While her husband was devastated, Dr. Kajander was pragmatic about the loss.

“My mom had experienced a lot more grief and tragedy," Ann Kajander said. “To her, it was just nature’s mistake, and that was it.”

A year later, Ann was born. The couple had no other children.

Because of her directness, Dr. Kajander came across as unsympathetic to some, but her family – which included three grandchildren, Arthur, Robin and Maria – also saw a soft and deeply caring side of her. Her grandson Arthur Fiedler said he has fond memories of spending hours with her, playing cribbage and rummy, reading side by side, and talking about everything from politics to feminism and sharing views on death and marriage.

Ann Kajander said her mother once darted off one Christmas Day to help a woman who was suicidal. Every subsequent Christmas, the woman sent her a large bouquet with a note, thanking her for saving her life.

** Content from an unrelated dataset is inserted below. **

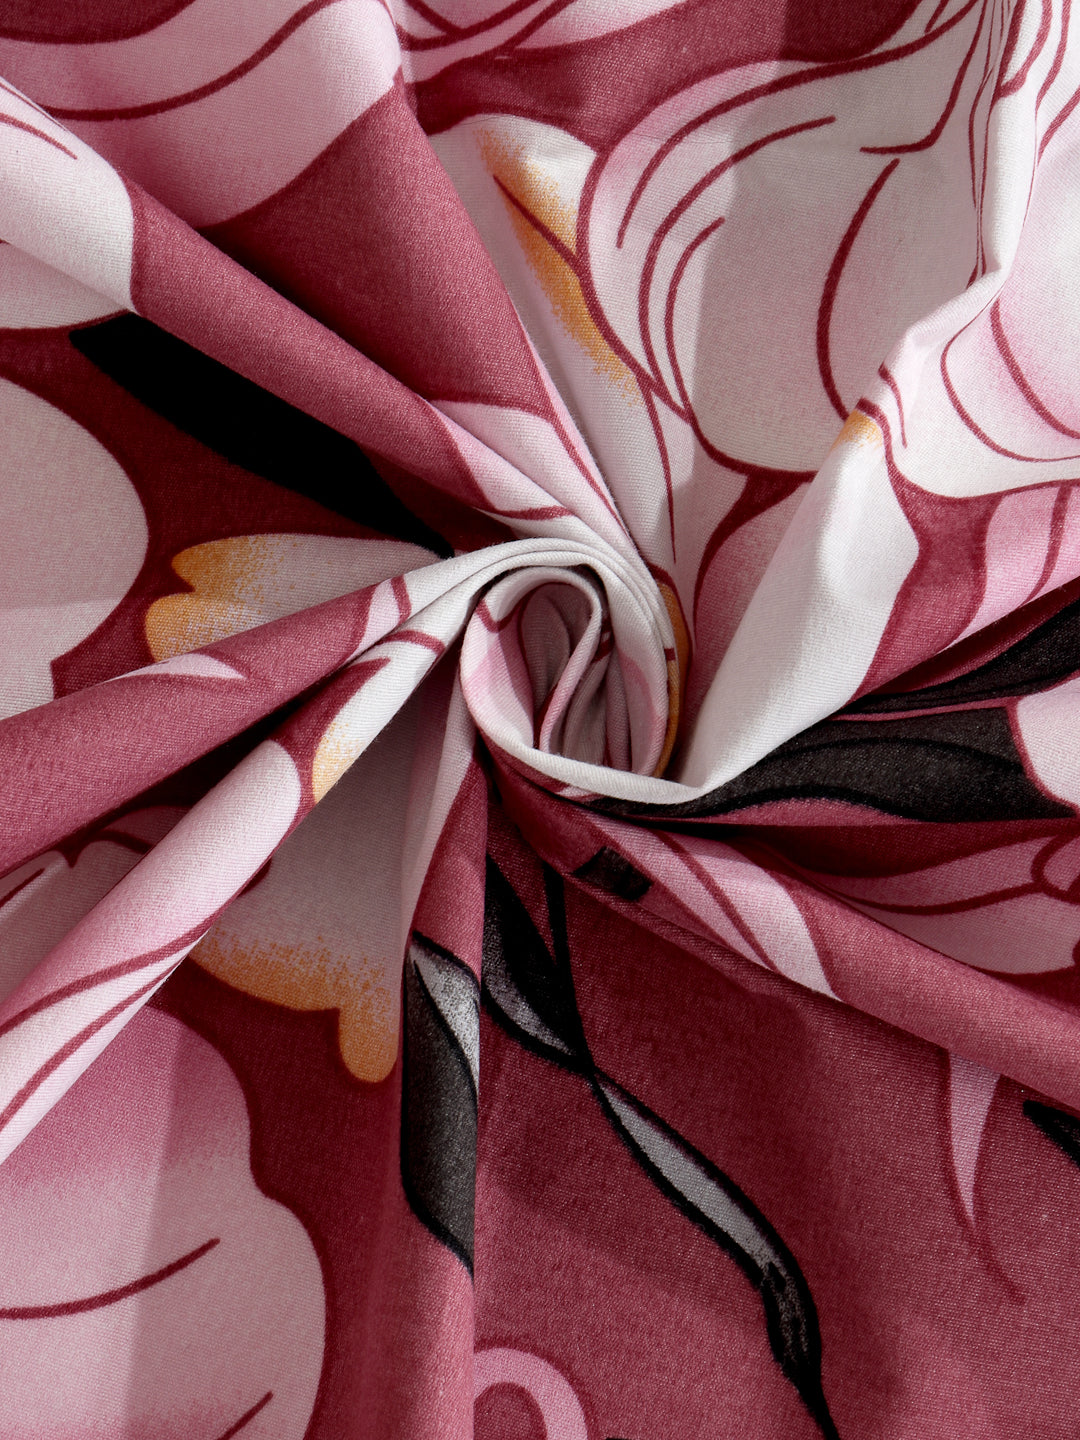 Arrabi Pink Floral TC Cotton Blend Super King Size Bedsheet with 2 Pillow Covers (270 x 260 cm)

Dr. Kajander was the first female president of the Ontario Psychiatric Association in 1982, and one of the first women actively involved in the Ontario Medical Association.

She was named a member of the Order of Canada in 2011 for her care of patients with psychiatric illnesses in Northern Ontario. After the death of her husband in 1998, she was named to the Order of the Lion, Knight First Class, a prestigious honour from the Finnish government.

But for her grandsons, that trip to the Eiffel Tower stands out because her approach to the arduous climb mirrored her approach to life.

“She always went for it – physically, mentally, everything,” Arthur Fiedler said. “She said, 'I’ve worked for everything I’ve gotten through all these tough times, and you don’t complain through the tough times. You just do it.”